What kind of heat? Torch? or is a heat gun enough?

I tried pressing it out this evening but didn't have any luck. It's really stuck in there good.


----------



## barnett (Oct 28, 2015)

+1 on the Kroil, I use it for everything !!


----------



## wa5cab (Oct 30, 2015)

If possible, tilt the machine forward and flood the back end of the arbor with Kroil, too.  And unless you remove the spindle from the headstock, you can't effectively use heat to help.


----------



## VSAncona (Nov 3, 2015)

Still no luck on getting it unstuck. I've soaked it with penetrant for several days, tried hammering and pressing -- it doesn't budge. The rust doesn't look that bad on the outside, so I'm not sure why it's so stuck.


----------



## A618fan2 (Nov 4, 2015)

VSAncona said:


> What kind of heat? Torch? or is a heat gun enough?
> 
> I tried pressing it out this evening but didn't have any luck.
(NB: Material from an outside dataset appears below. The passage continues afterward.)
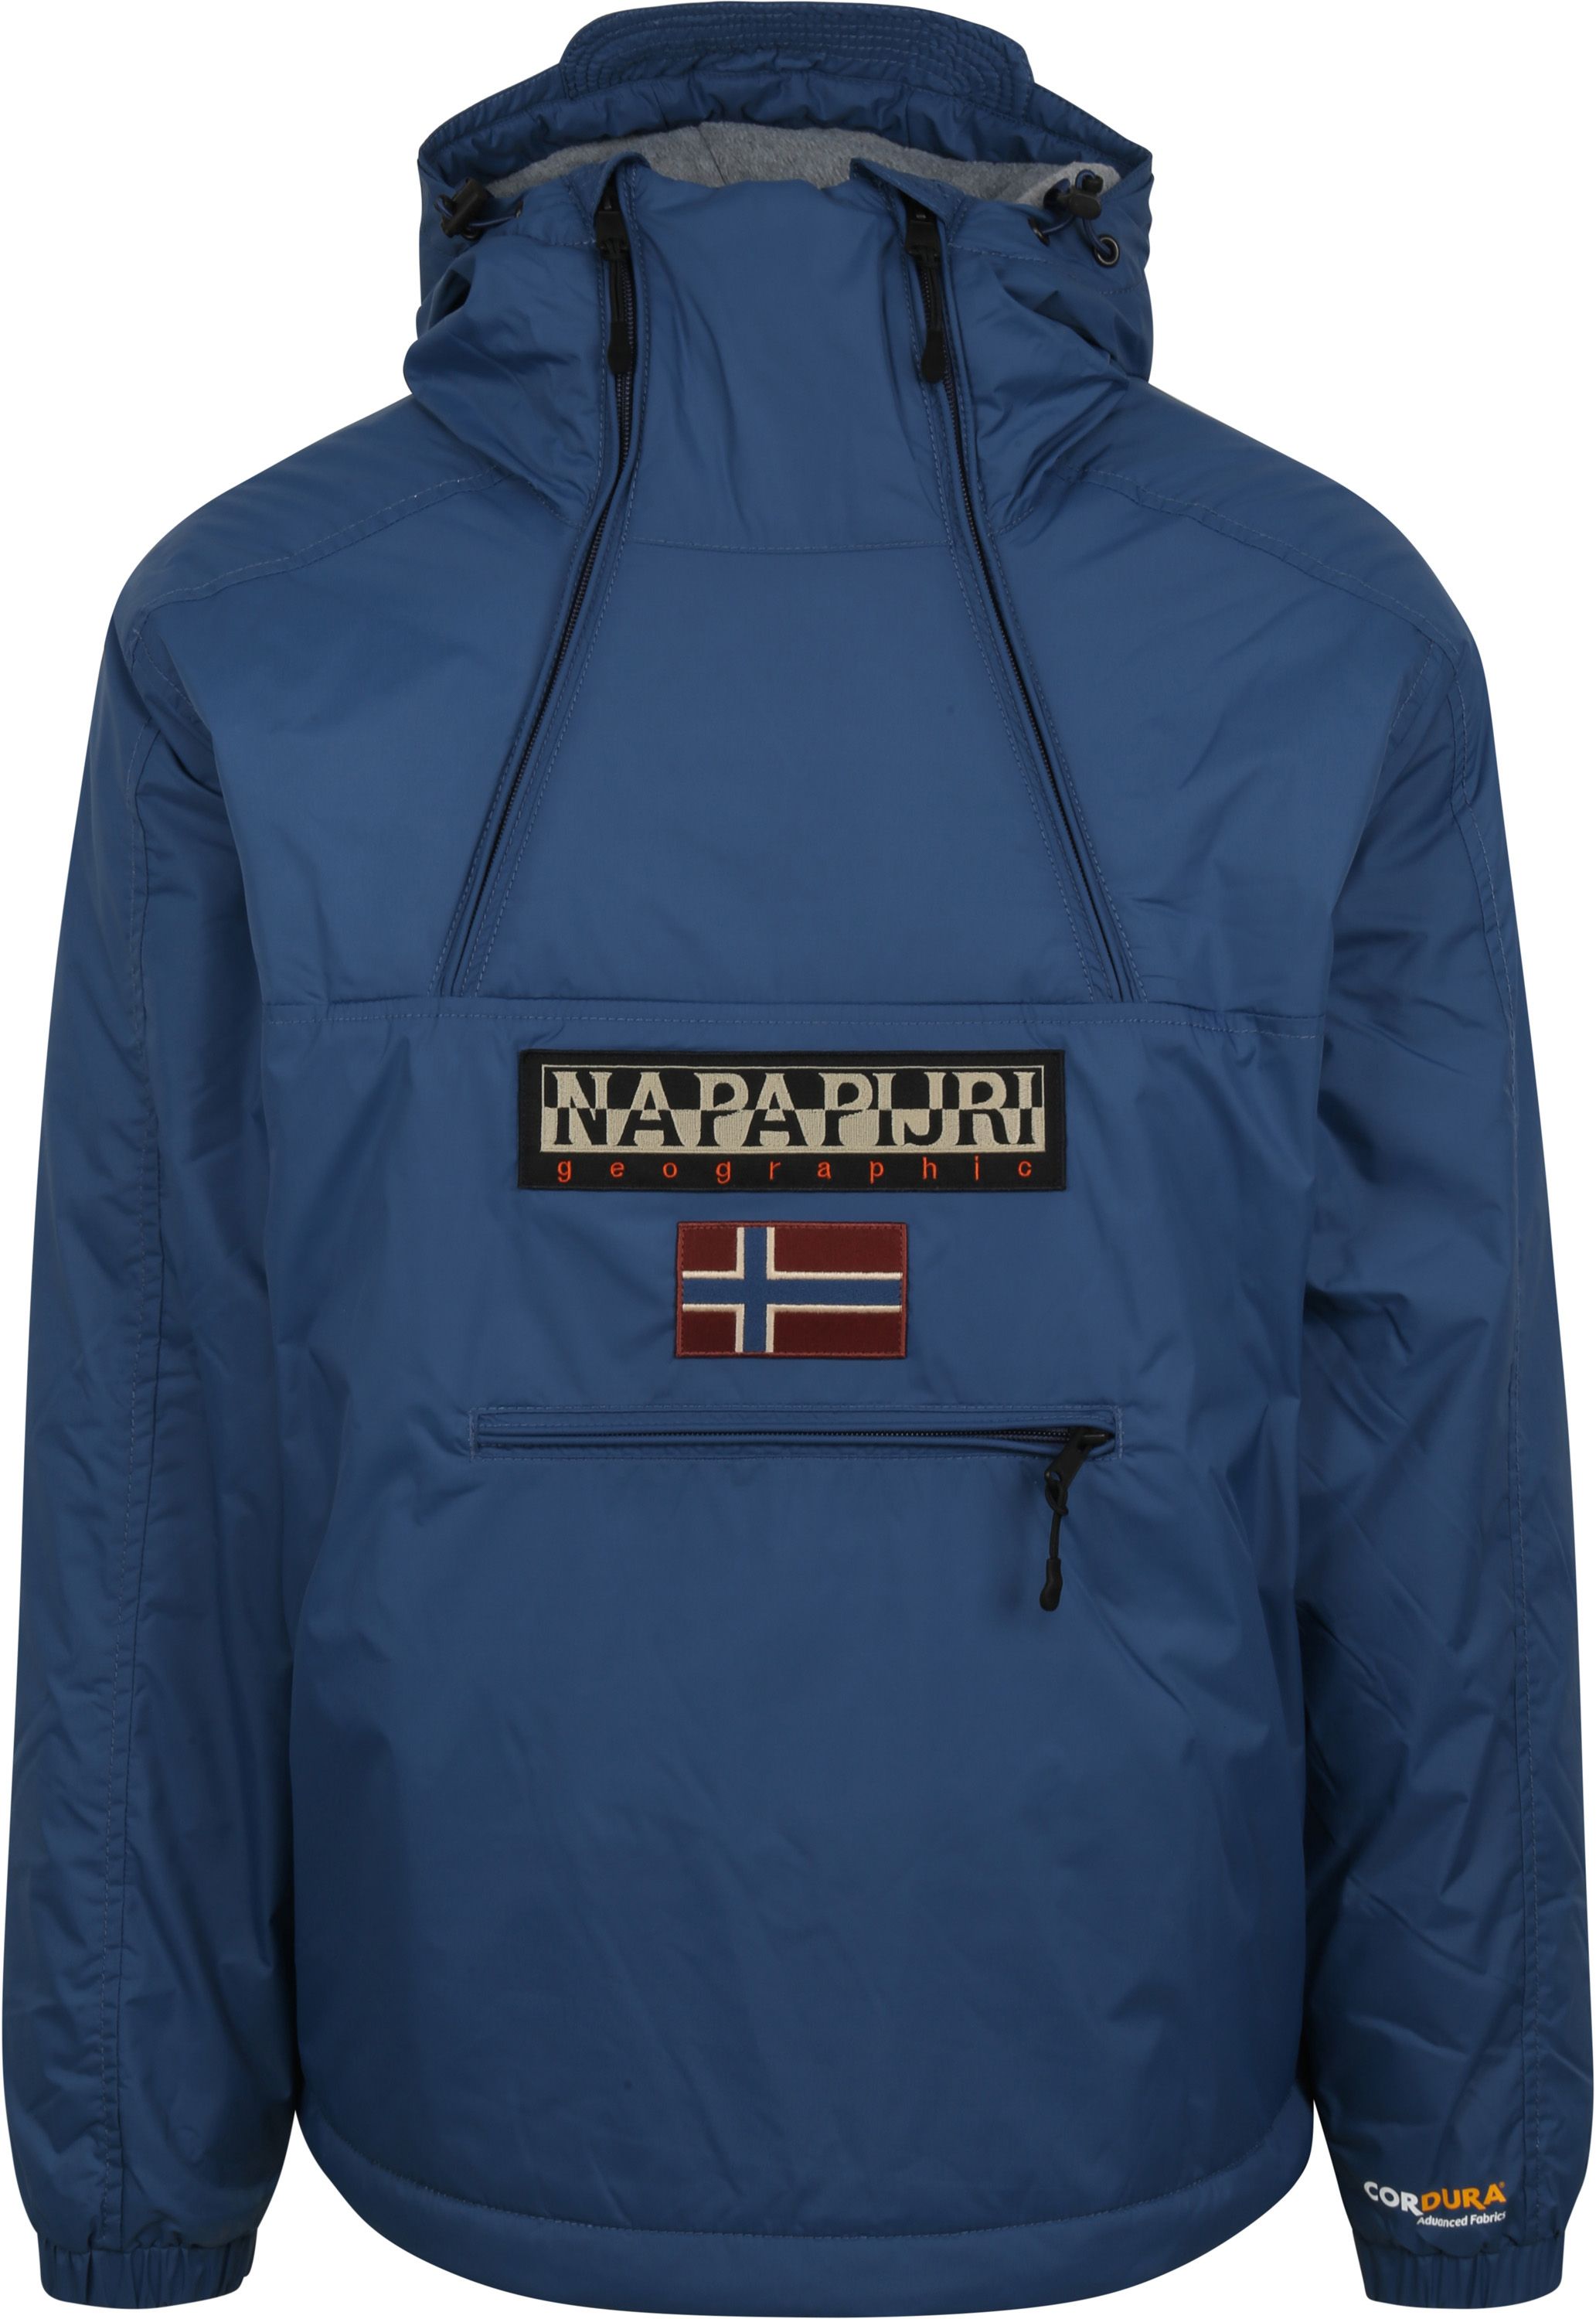 Napapijri Northfarer Jacket Mid Blue size L

It's really stuck in there good.



I used a propane torch - moderate heat.  I'd heat the threads (spinning the spindle by hand) until it was just to the point of too hot to touch.  Give the arbor a sharp whack with a 2-3 pound hard faced hammer then let it cool with another shot of PB Blaster.  It finally gave it up after about two-three days of that.  I've never tried Kroil.  If it's available it's worth a shot.  You could also try 50/50 acetone and transmission fluid mix.  I hear on other sites that it's very effective (and easy to find).


----------



## 34_40 (Nov 9, 2015)

Times 2 on the auto trans/acetone 50/50 mix.  I've been using it for a few years now and have always found it to work.

What are you using for a press?

And which thread was the one you needed?  I think I know the one but am curious if I was right.


----------